WHAT IS NEEDED >> Repeat exactly the lines of the material below that run from the "Amaranthus cruentus x" line to the "Tokyo Tarareba Girls Manga Volume 8 (Of 9)" line, including both, and do not carry over any pictures.

RECORDS PROVIDED >>
"""
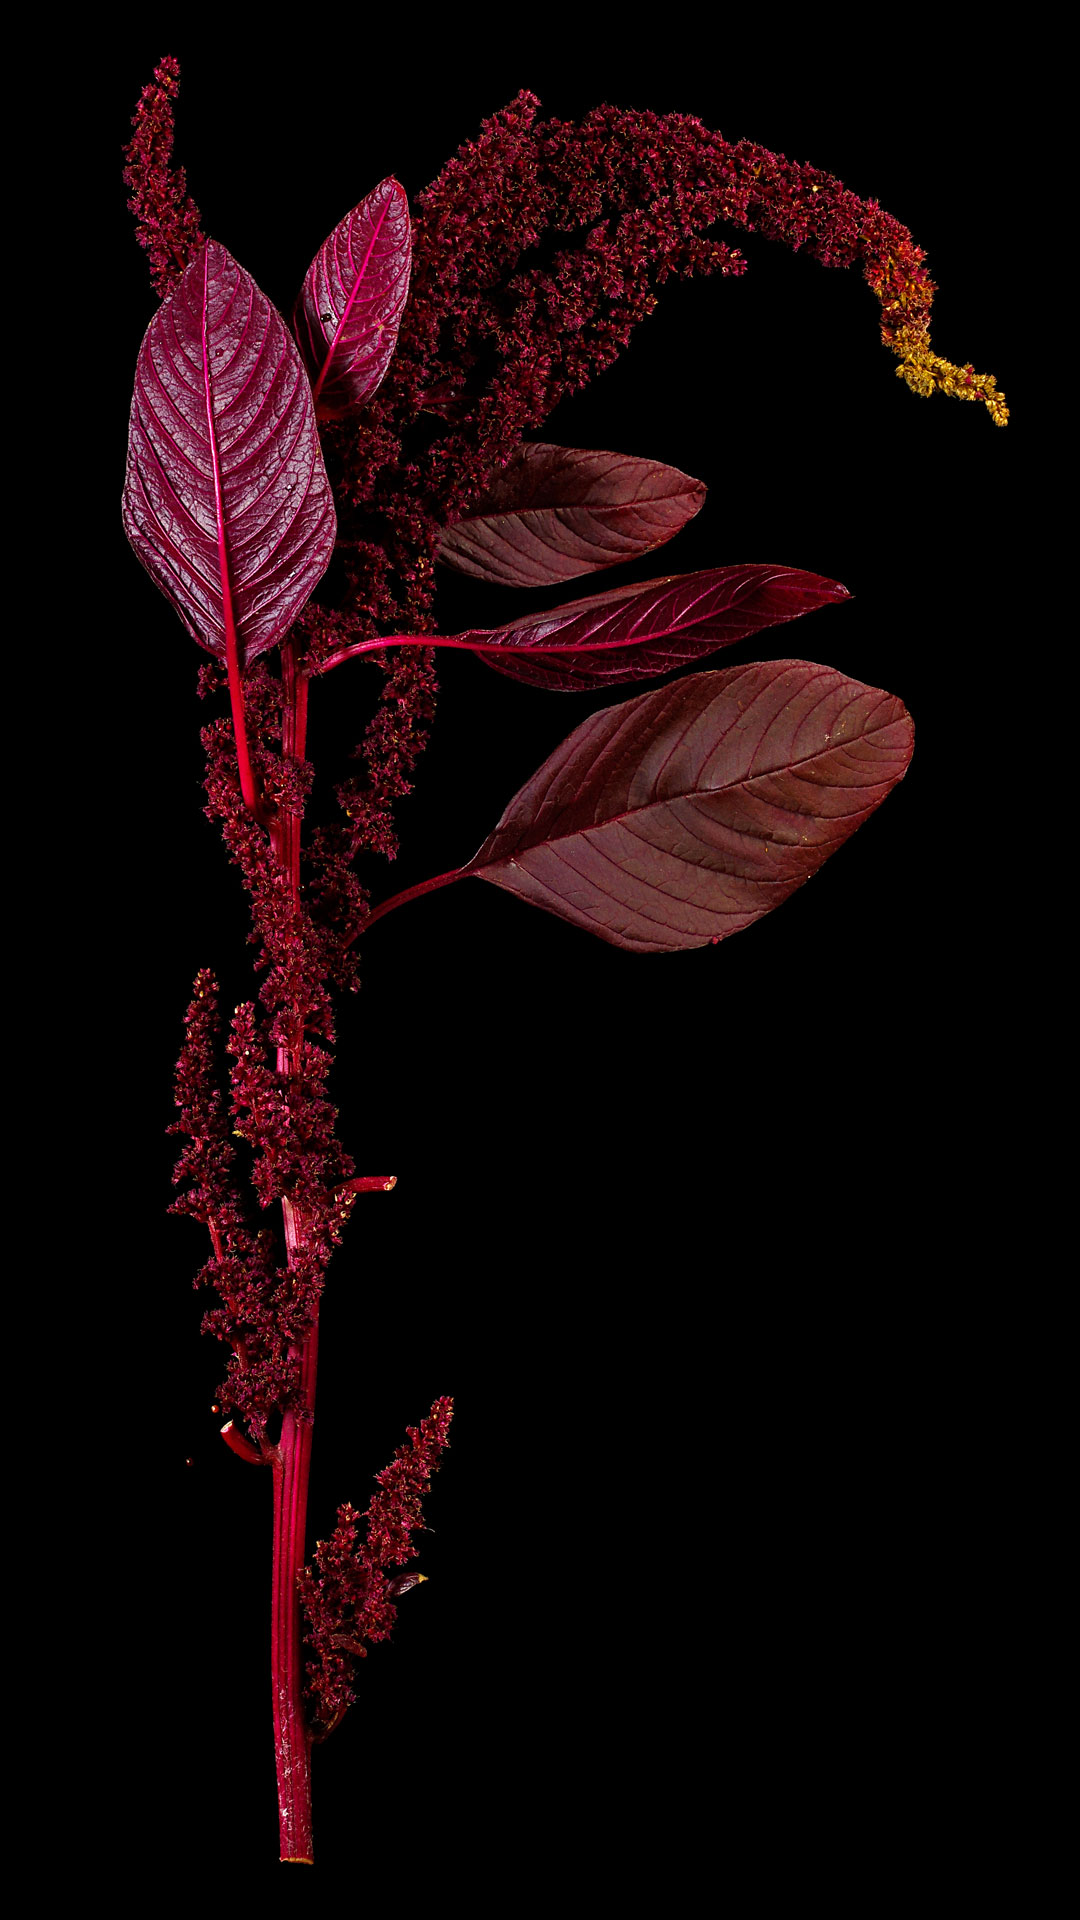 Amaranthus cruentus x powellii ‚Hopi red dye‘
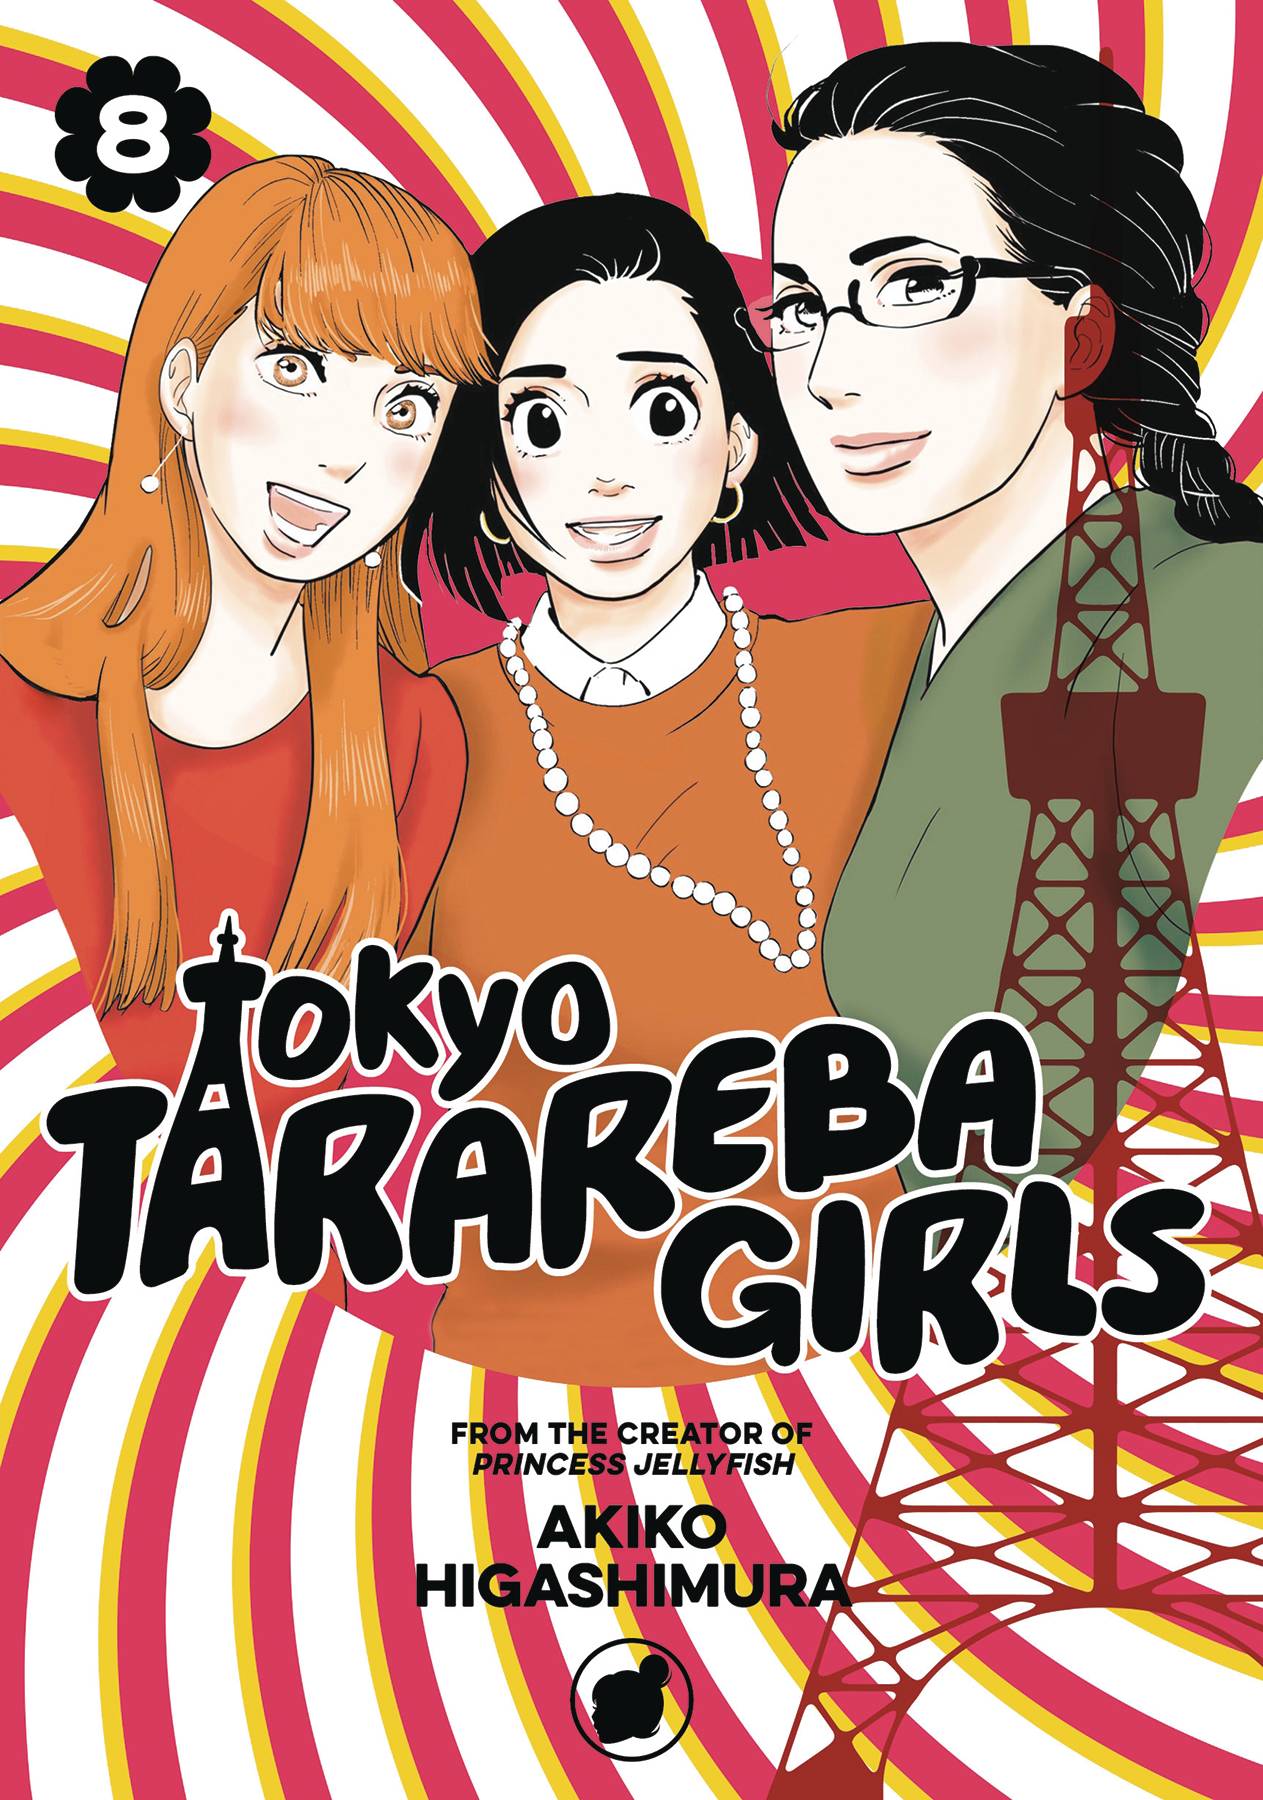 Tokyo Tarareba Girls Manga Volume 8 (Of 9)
"""
"""
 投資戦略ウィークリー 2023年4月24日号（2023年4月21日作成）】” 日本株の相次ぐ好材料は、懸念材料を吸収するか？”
"""
"""
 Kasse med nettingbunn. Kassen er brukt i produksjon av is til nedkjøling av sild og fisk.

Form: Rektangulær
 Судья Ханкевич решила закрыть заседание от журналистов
"""
SOLUTION FOR THIS EXERCISE >>
 Amaranthus cruentus x powellii ‚Hopi red dye‘
 Tokyo Tarareba Girls Manga Volume 8 (Of 9)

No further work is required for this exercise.